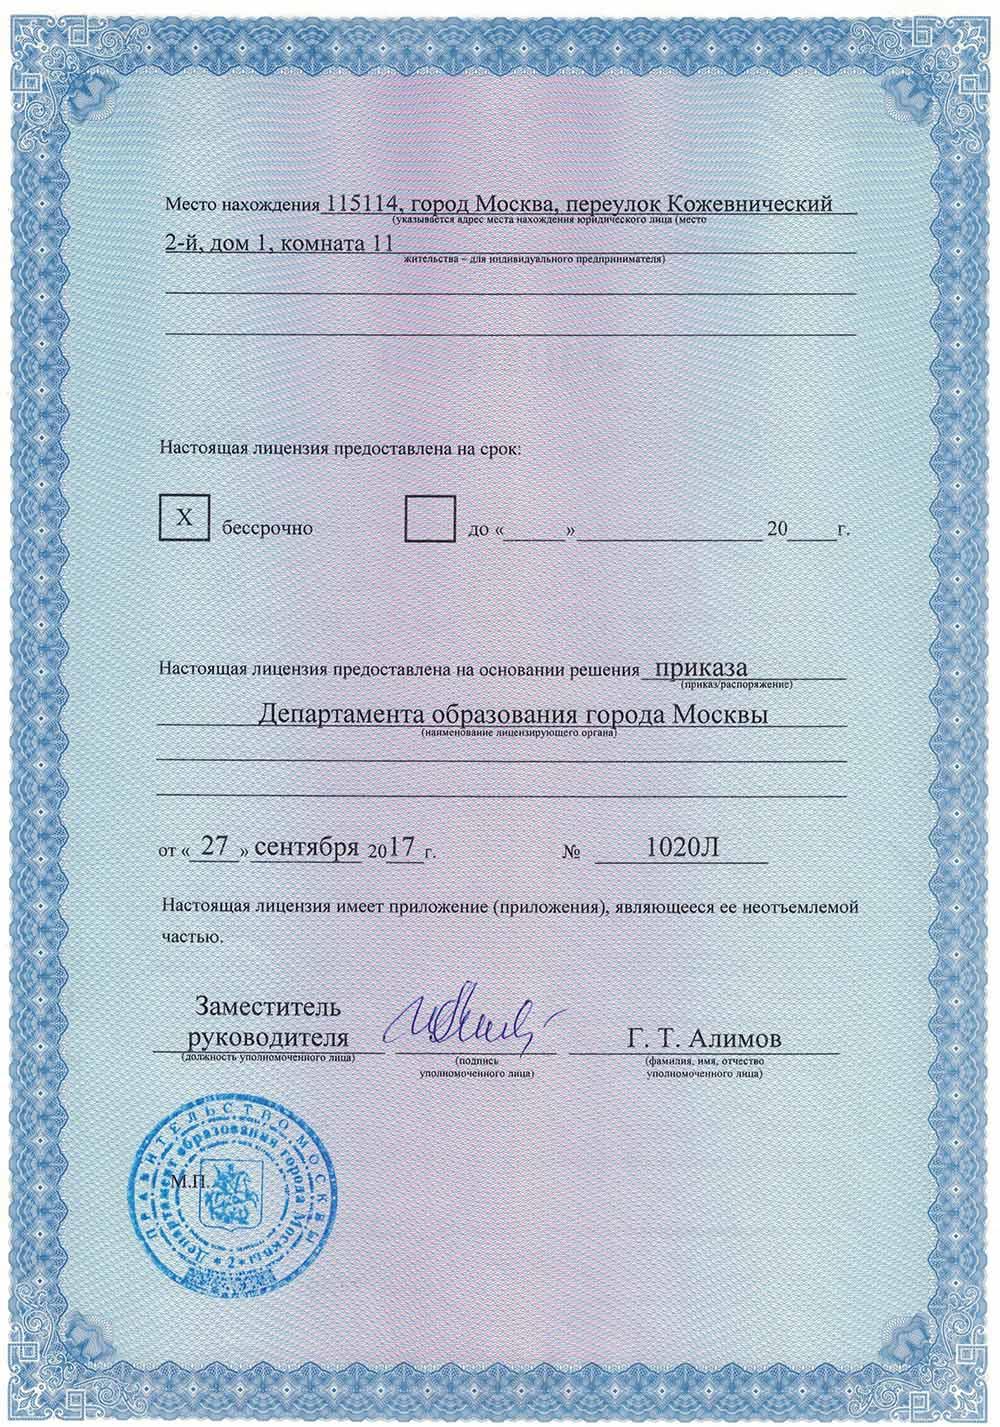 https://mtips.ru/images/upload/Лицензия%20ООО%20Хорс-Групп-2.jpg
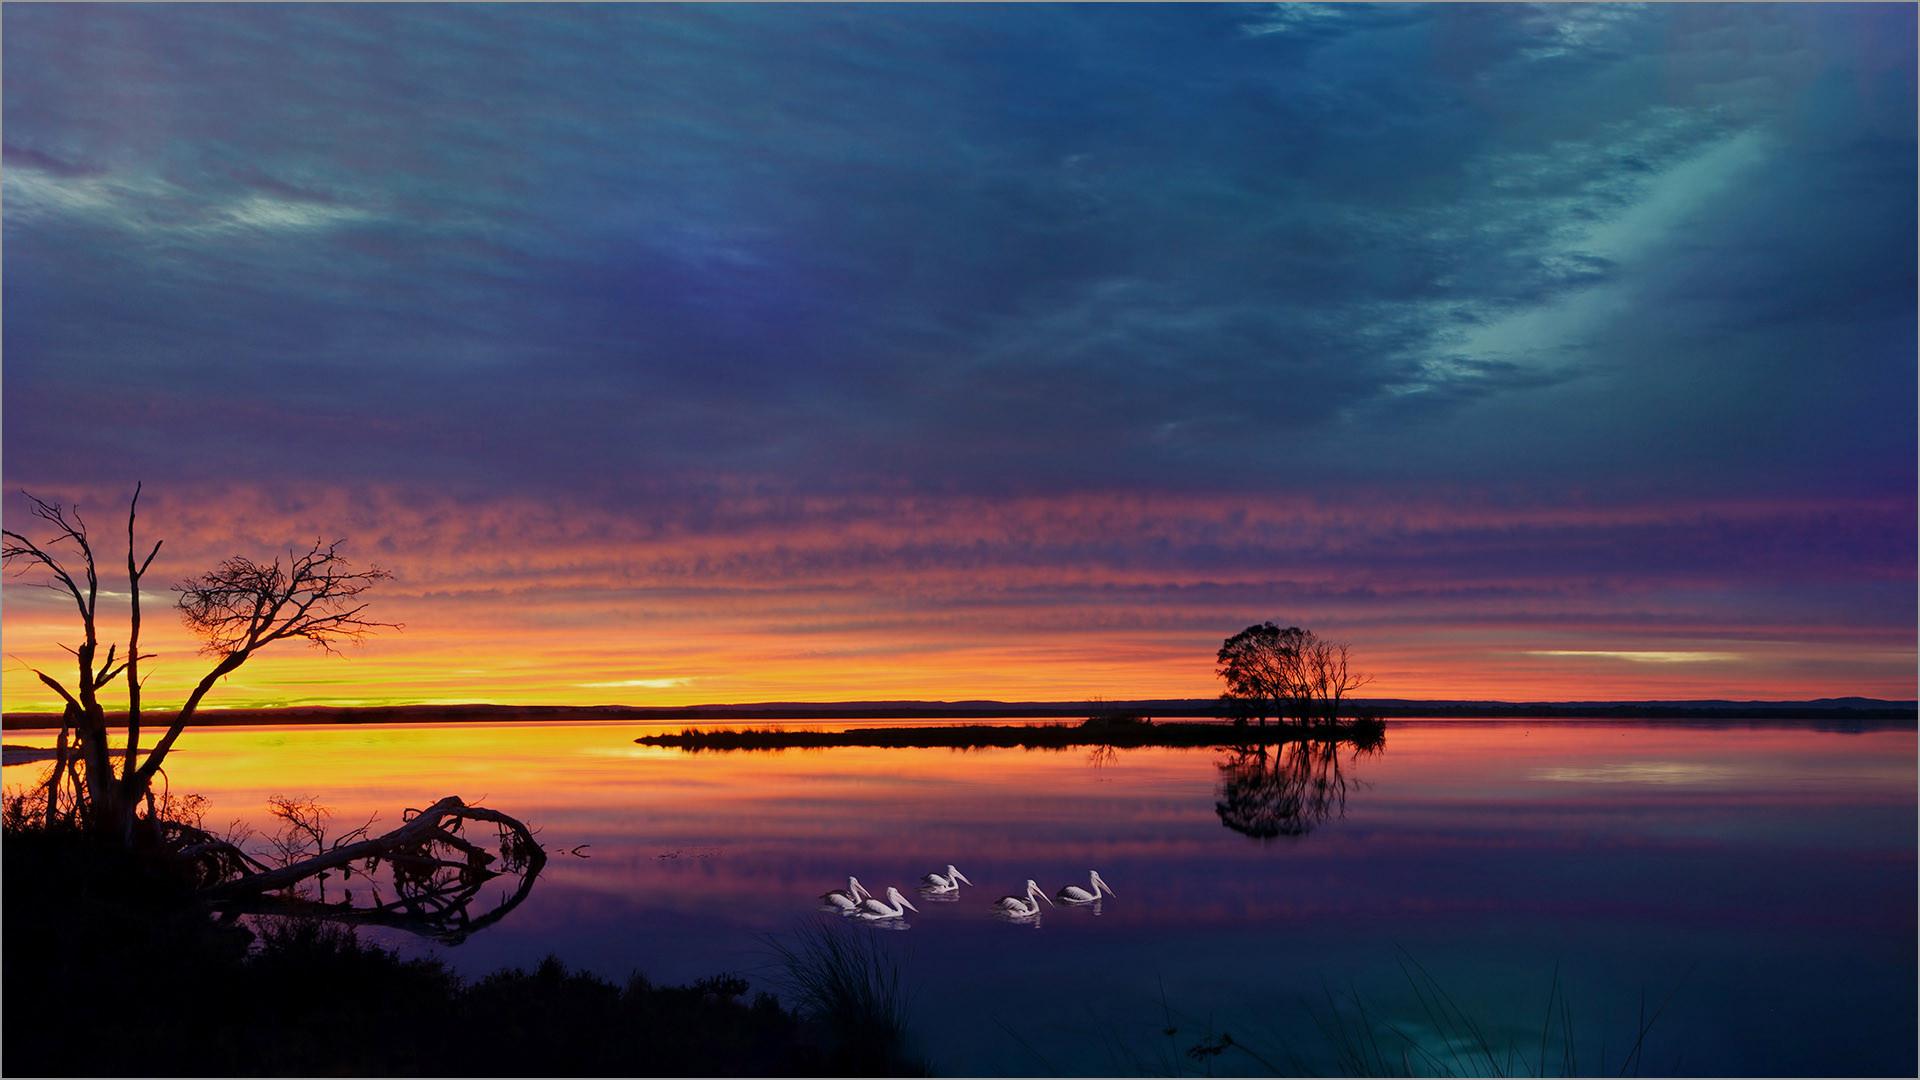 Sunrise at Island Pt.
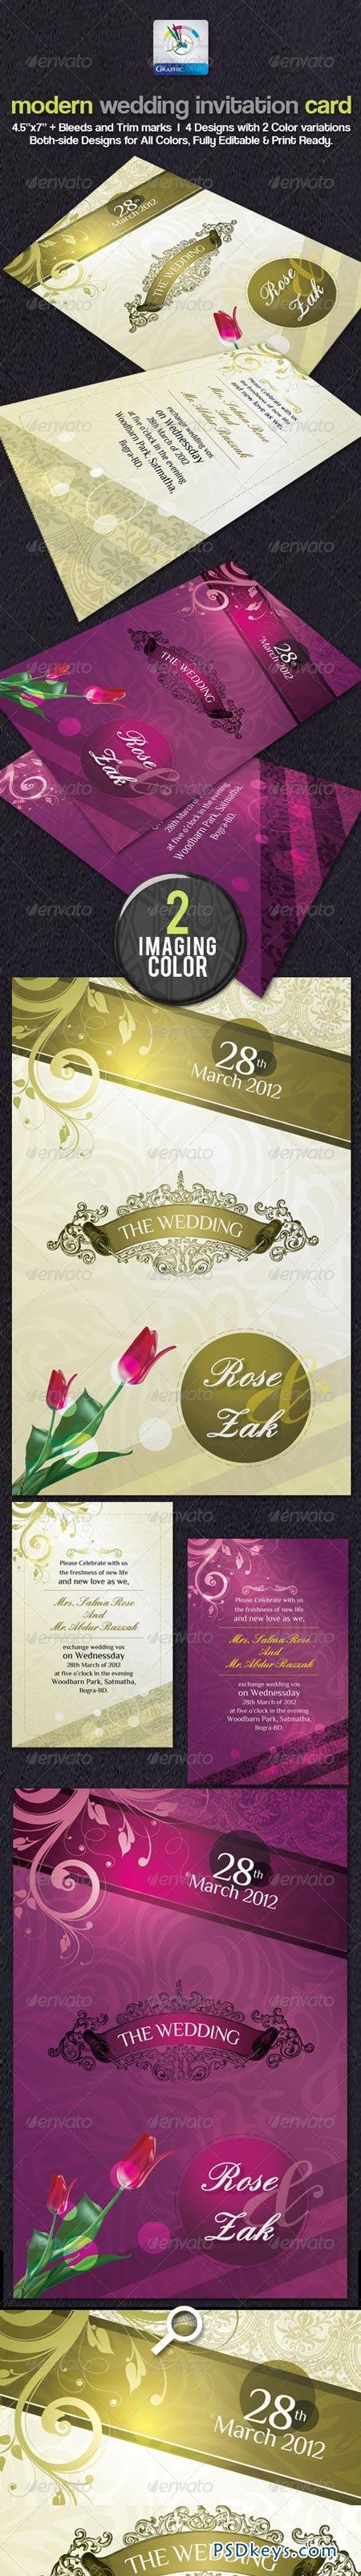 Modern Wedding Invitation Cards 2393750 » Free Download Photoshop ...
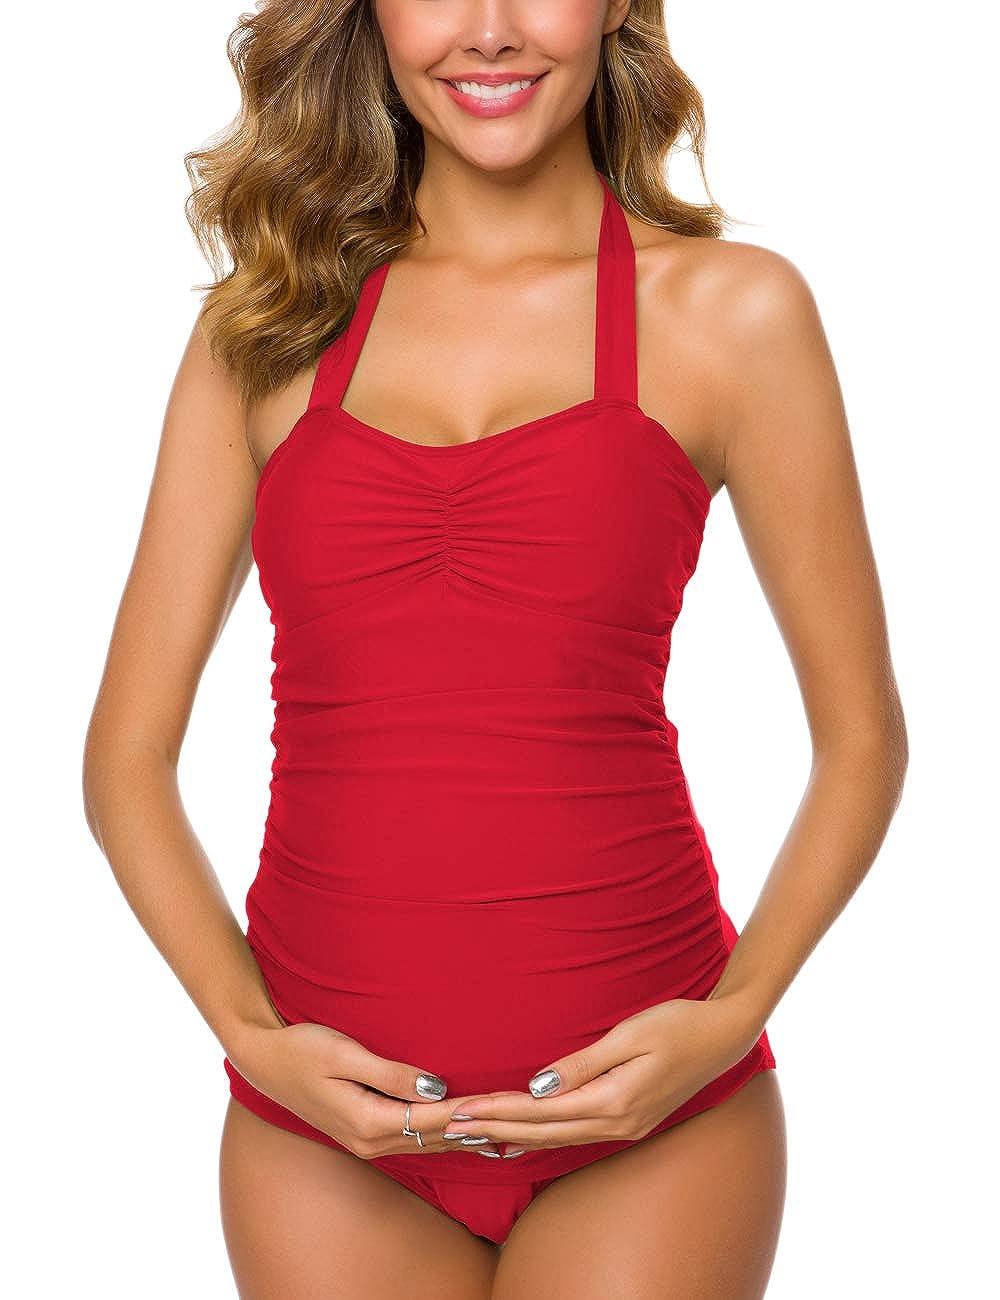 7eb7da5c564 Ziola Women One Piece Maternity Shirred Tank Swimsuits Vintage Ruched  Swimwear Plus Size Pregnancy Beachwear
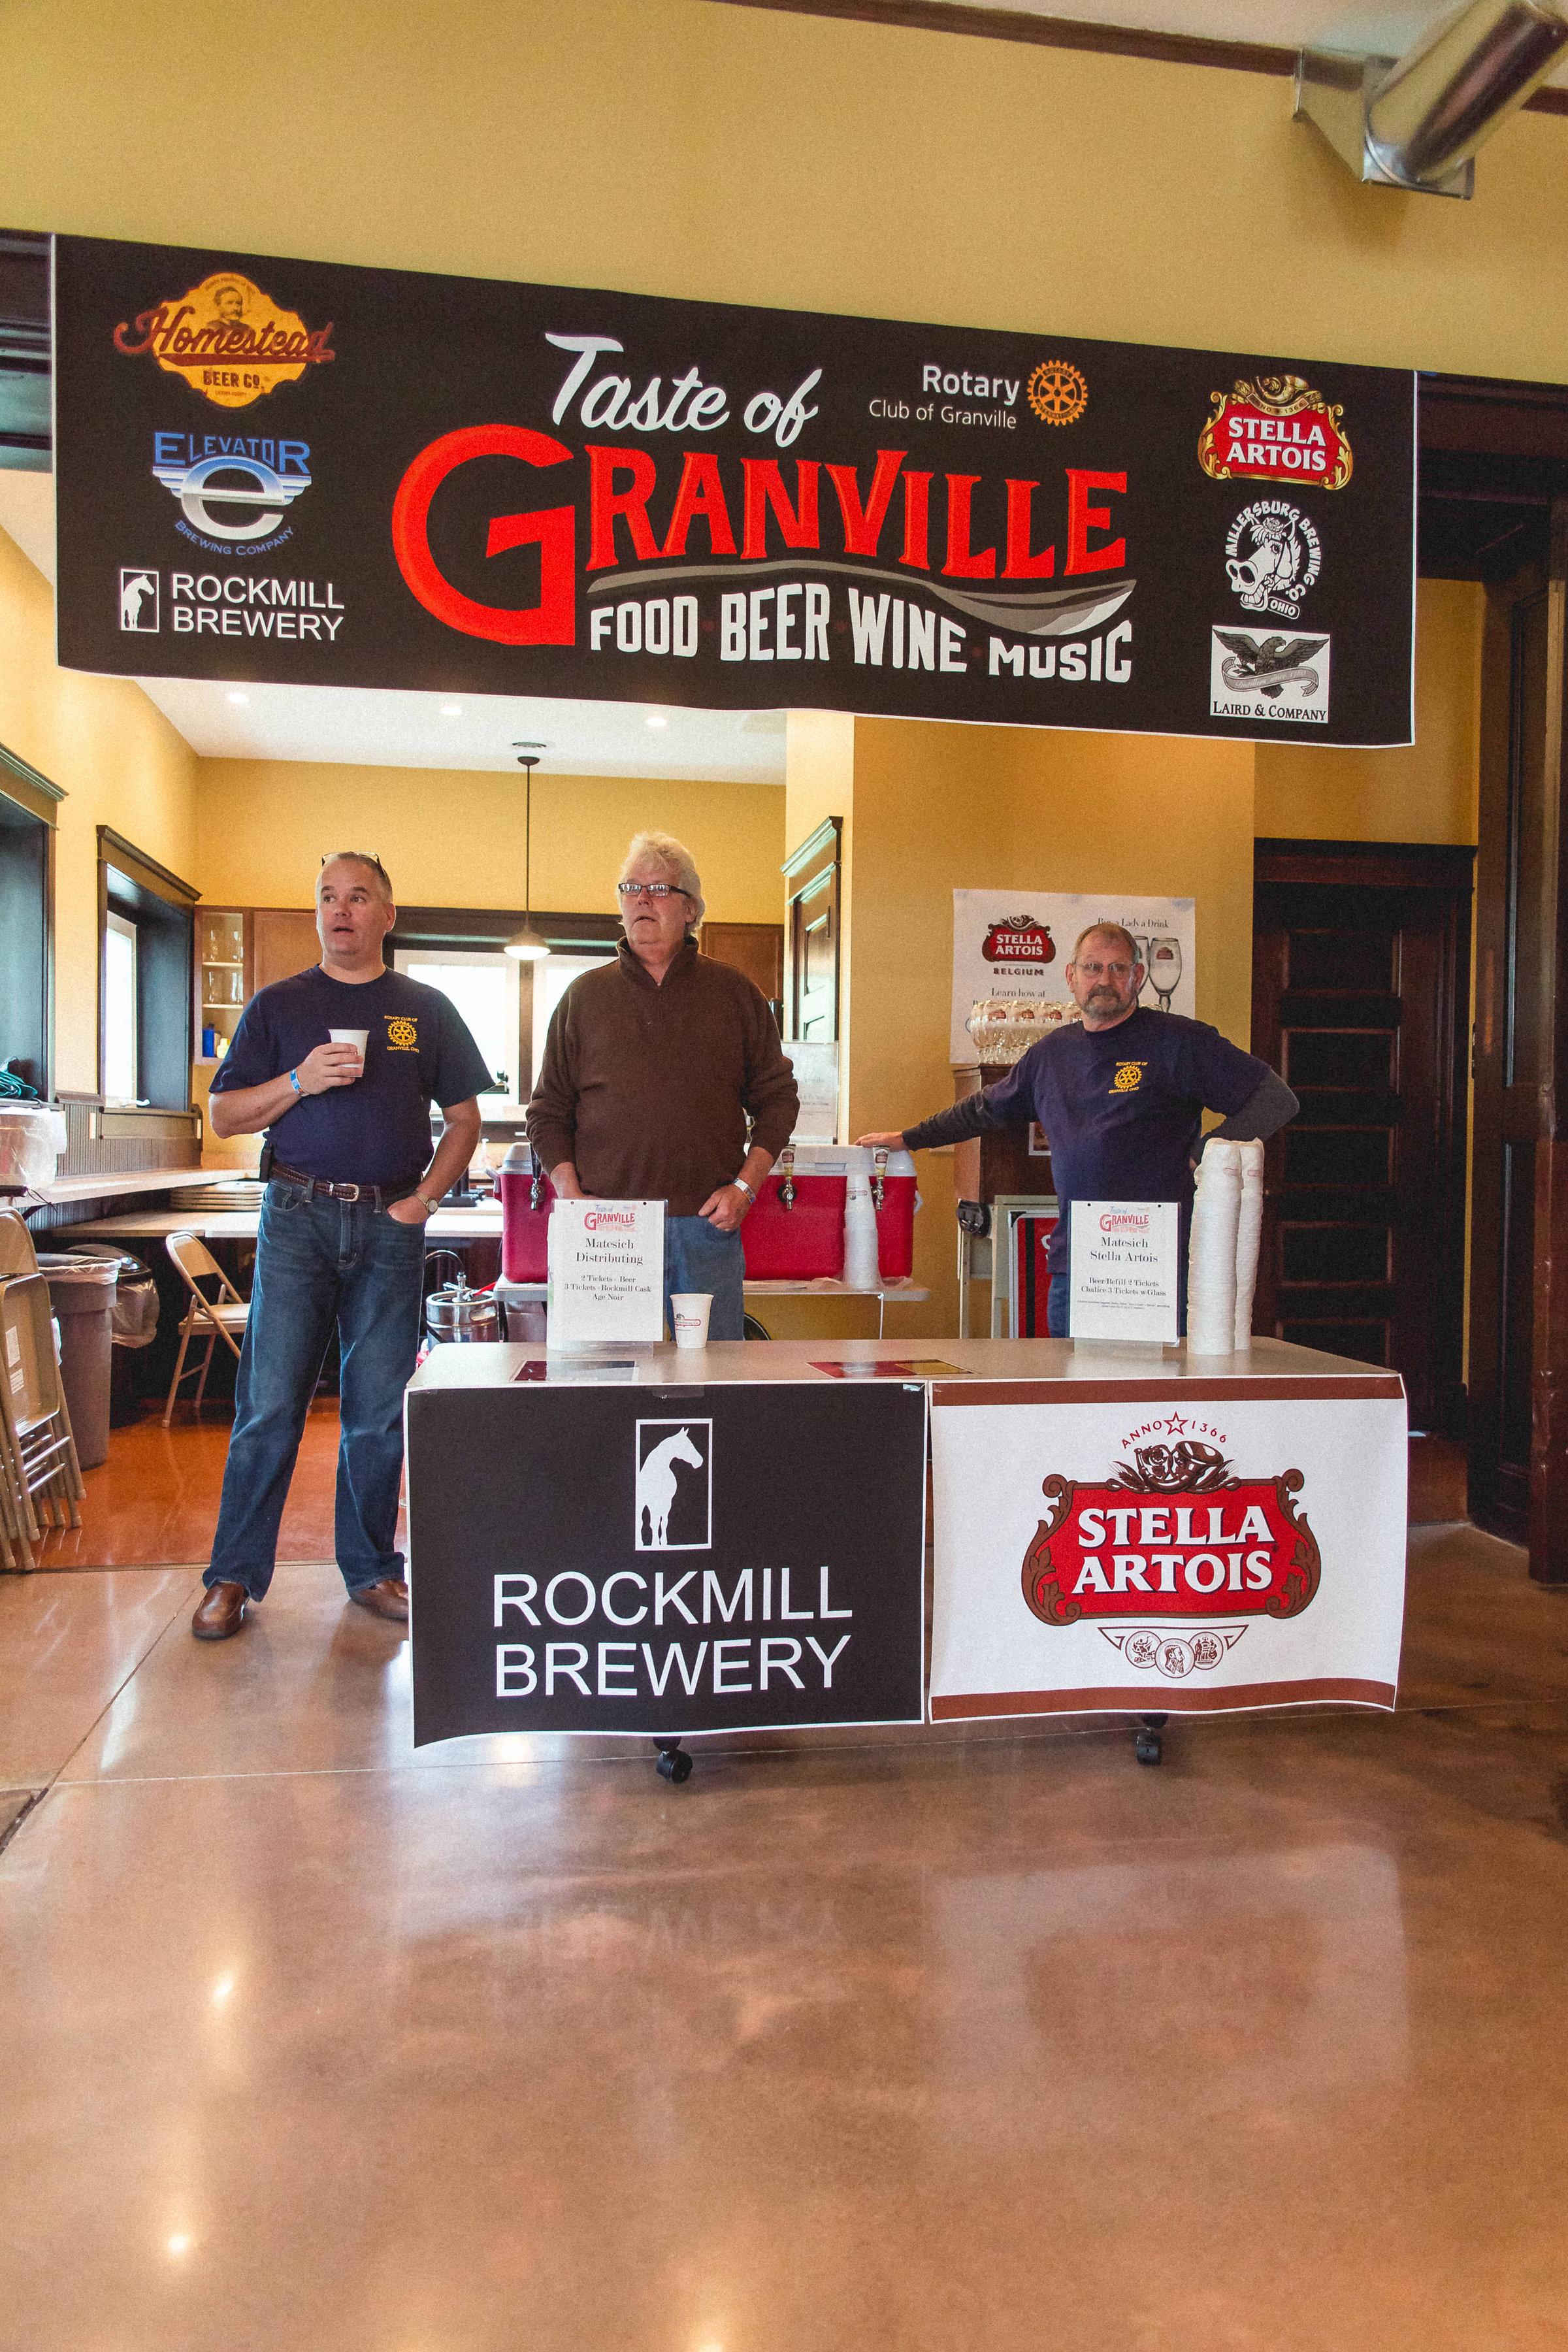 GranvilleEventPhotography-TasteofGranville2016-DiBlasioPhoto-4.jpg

**Task details:** Only the text of the listing above is wanted, transcribed exactly, without its images.

**Task solution:**
 https://mtips.ru/images/upload/Лицензия%20ООО%20Хорс-Групп-2.jpg
 Sunrise at Island Pt.
 Modern Wedding Invitation Cards 2393750 » Free Download Photoshop ...
 7eb7da5c564 Ziola Women One Piece Maternity Shirred Tank Swimsuits Vintage Ruched  Swimwear Plus Size Pregnancy Beachwear
 GranvilleEventPhotography-TasteofGranville2016-DiBlasioPhoto-4.jpg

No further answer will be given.